Task item
The lines from the one containing "maude crochet patern" through the final line of the listing below are what the answer must repeat, exactly and only, leaving pictures out.

Supplied information
====

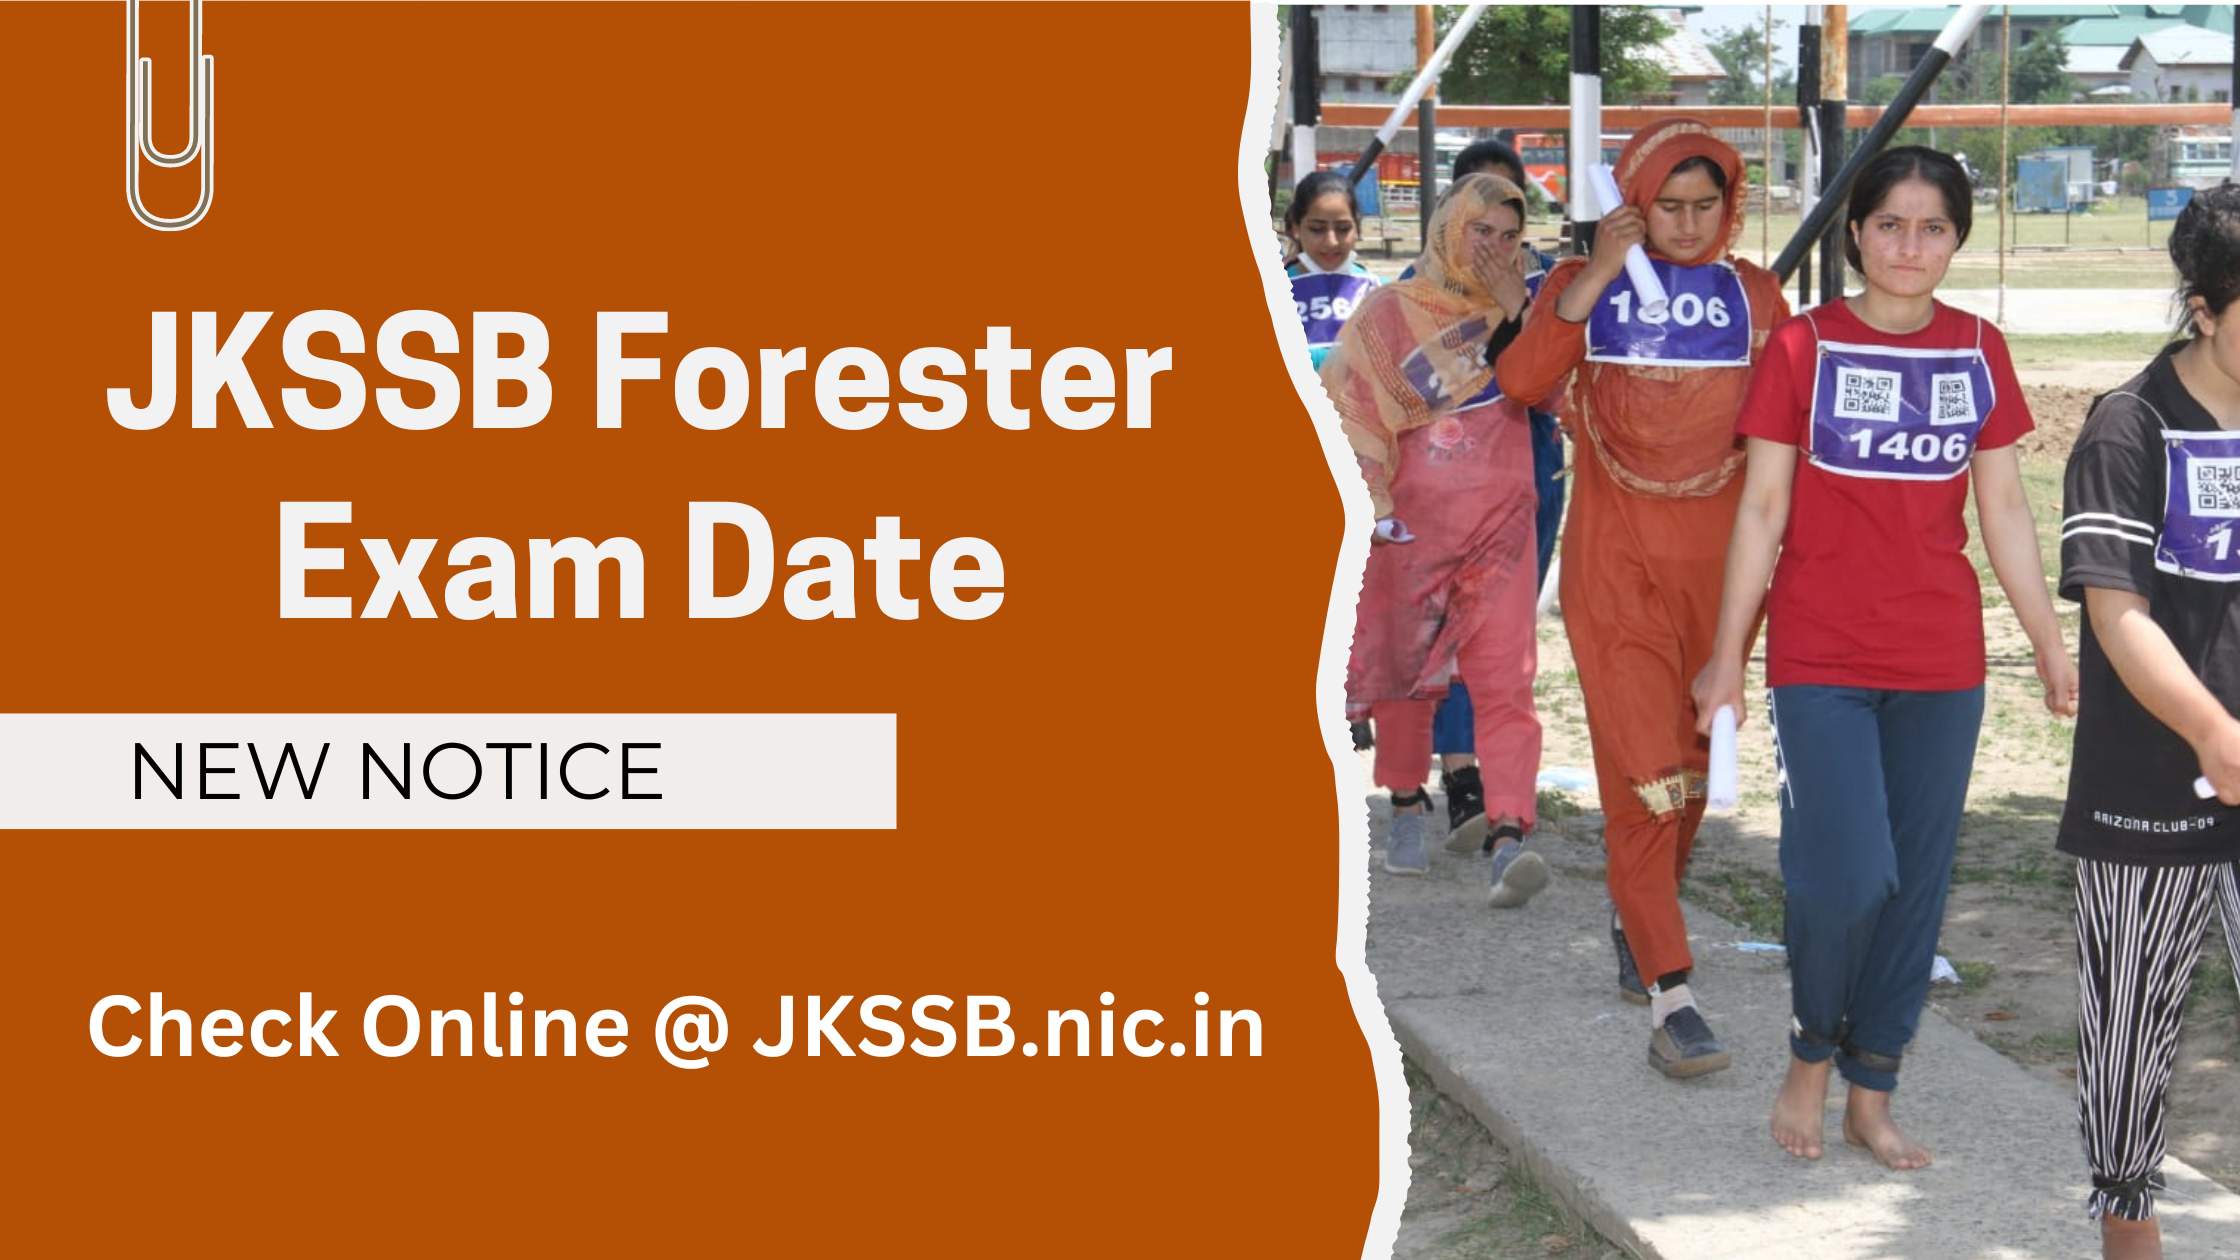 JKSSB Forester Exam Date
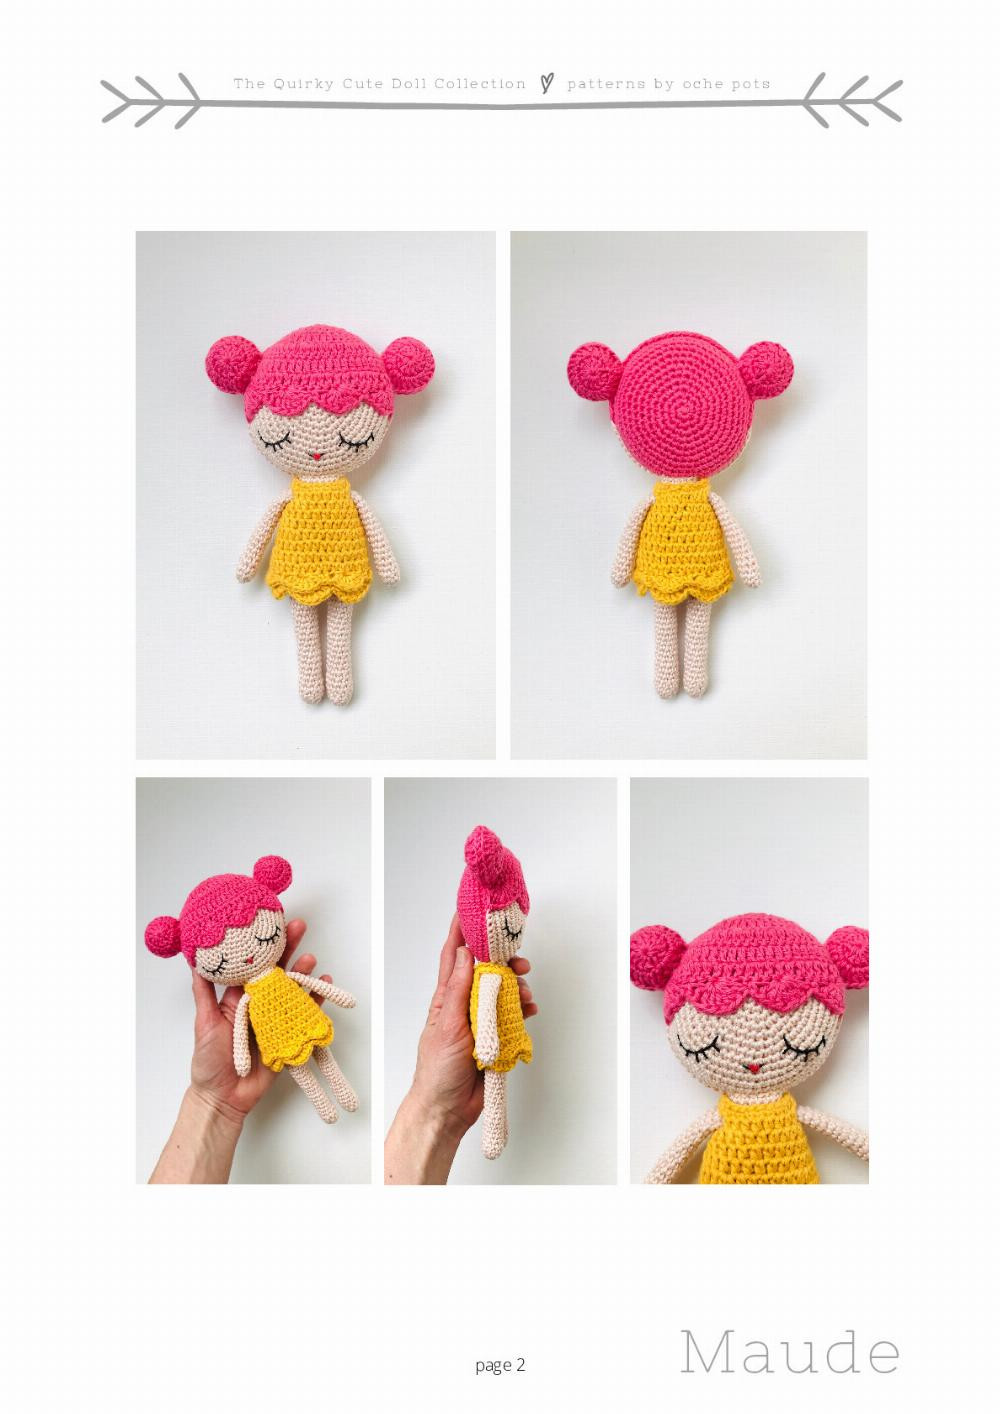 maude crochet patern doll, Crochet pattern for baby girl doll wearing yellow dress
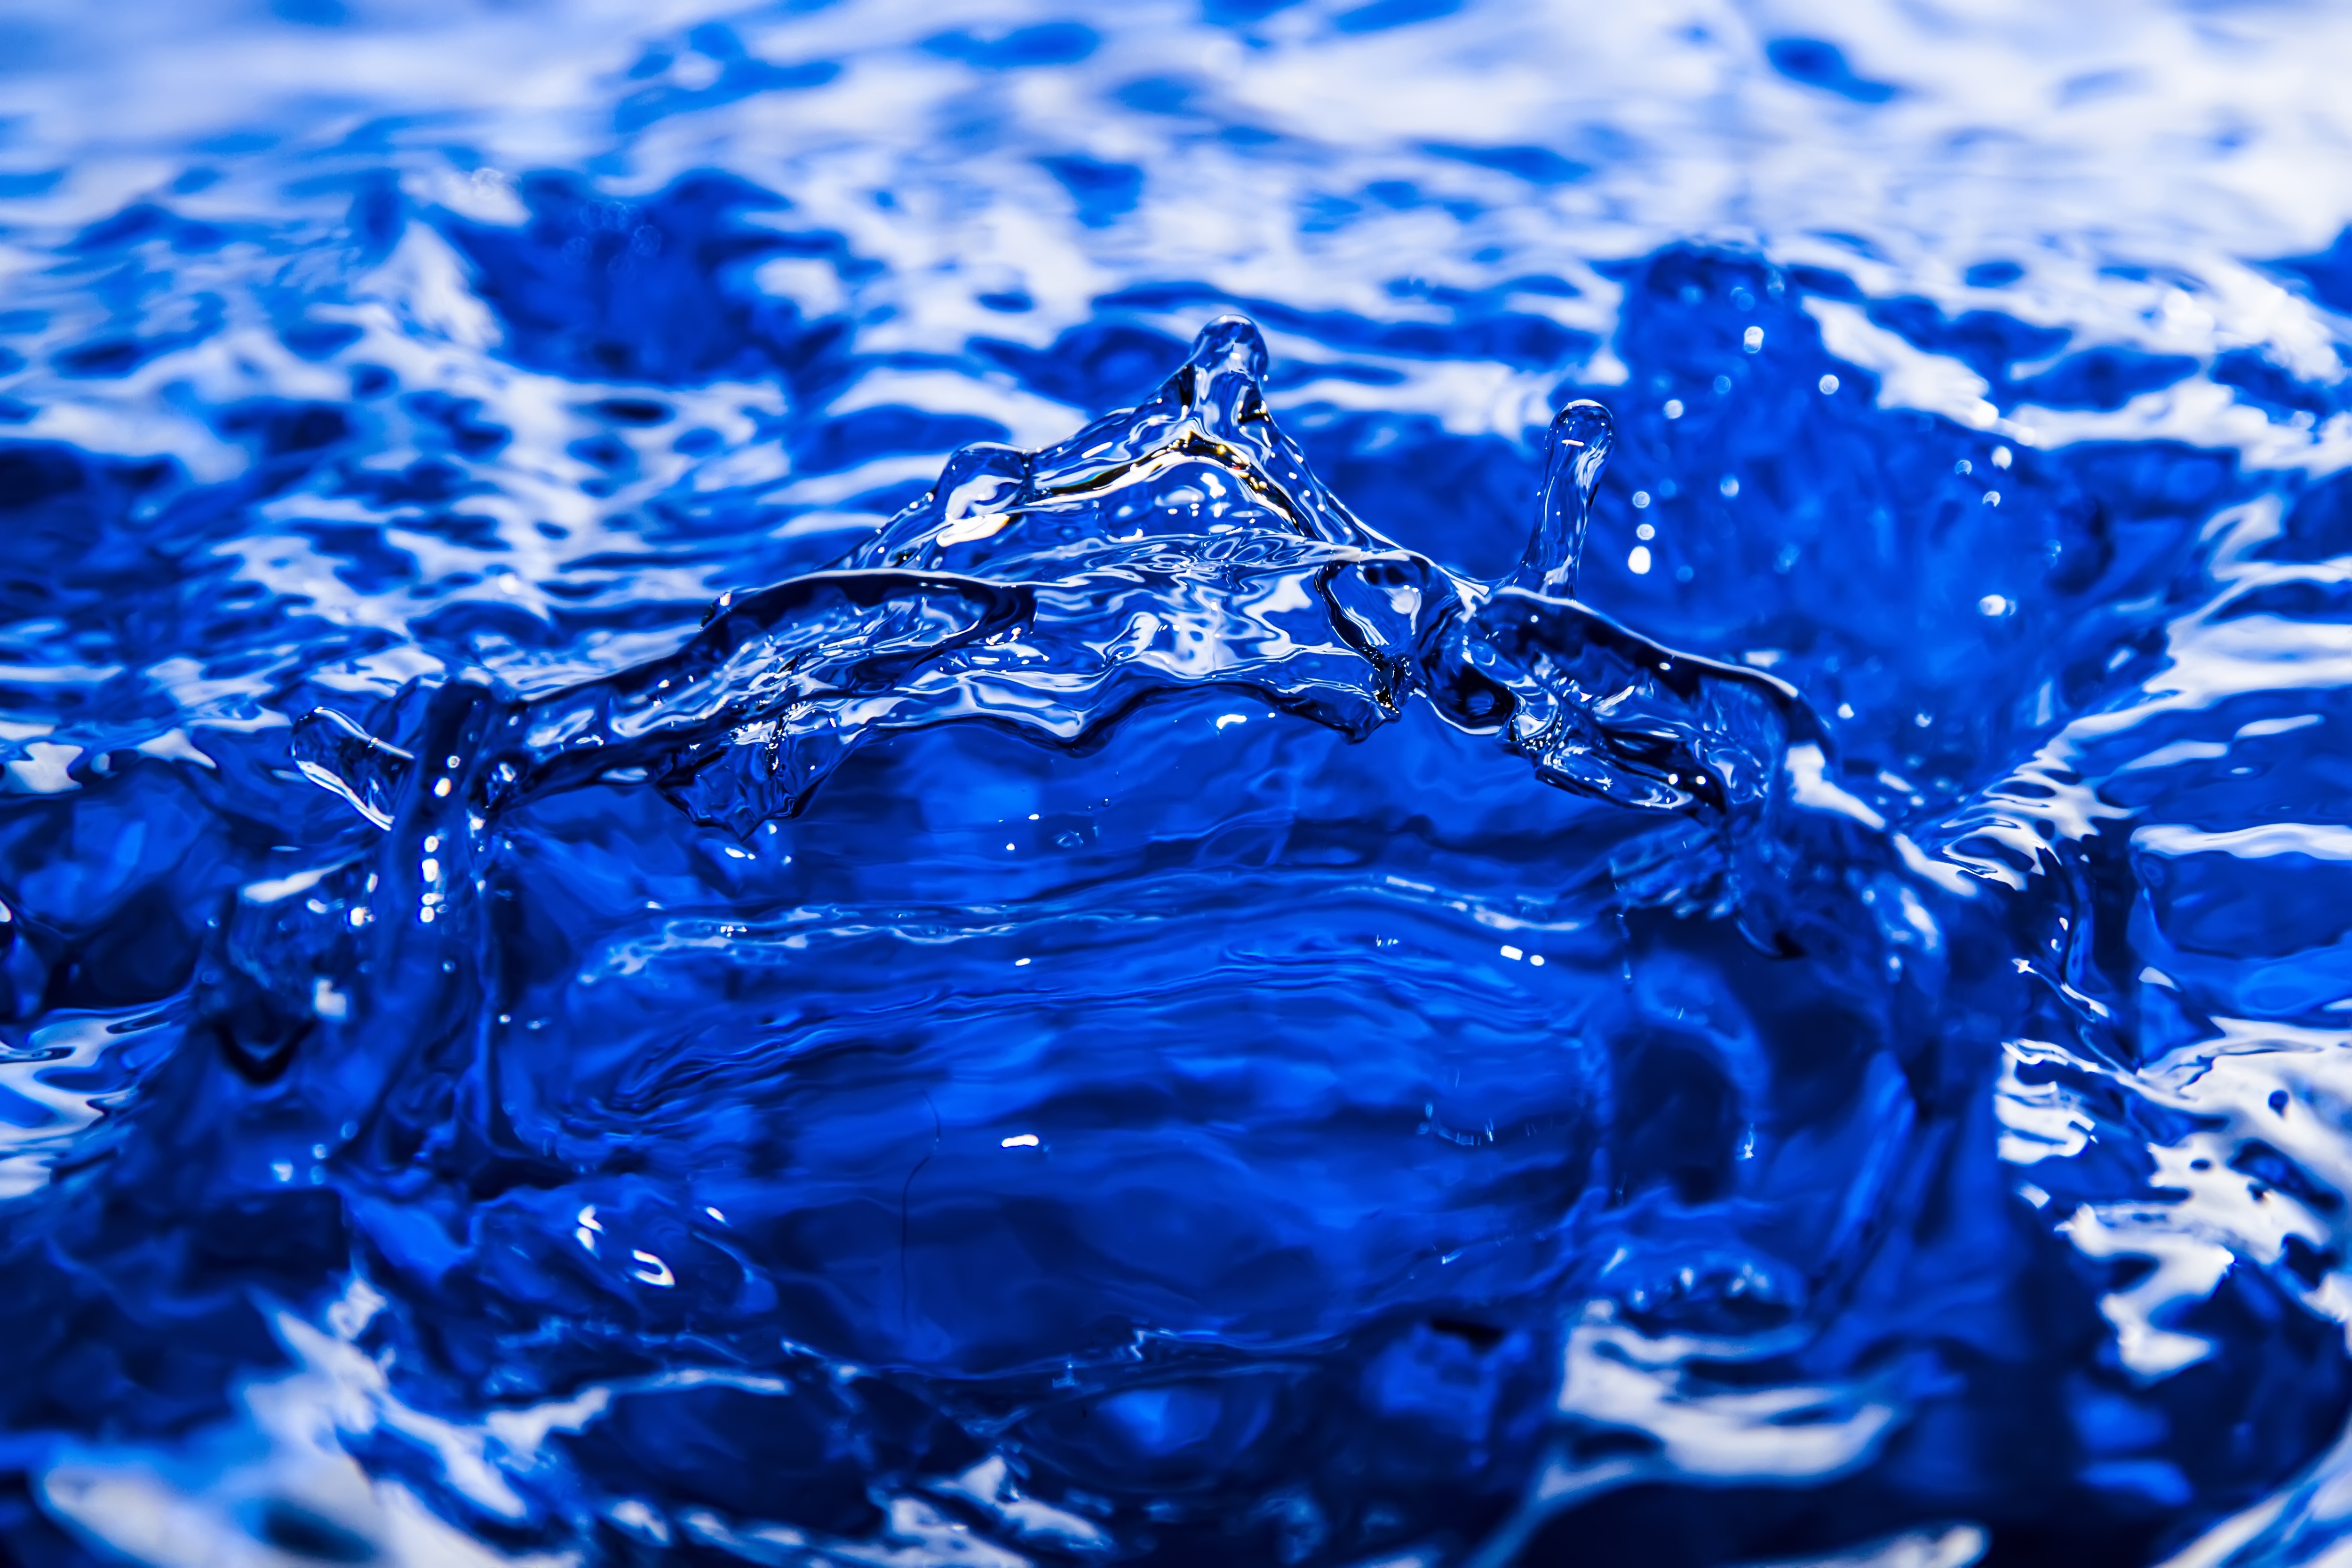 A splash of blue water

====

Result of the task
 maude crochet patern doll, Crochet pattern for baby girl doll wearing yellow dress
 A splash of blue water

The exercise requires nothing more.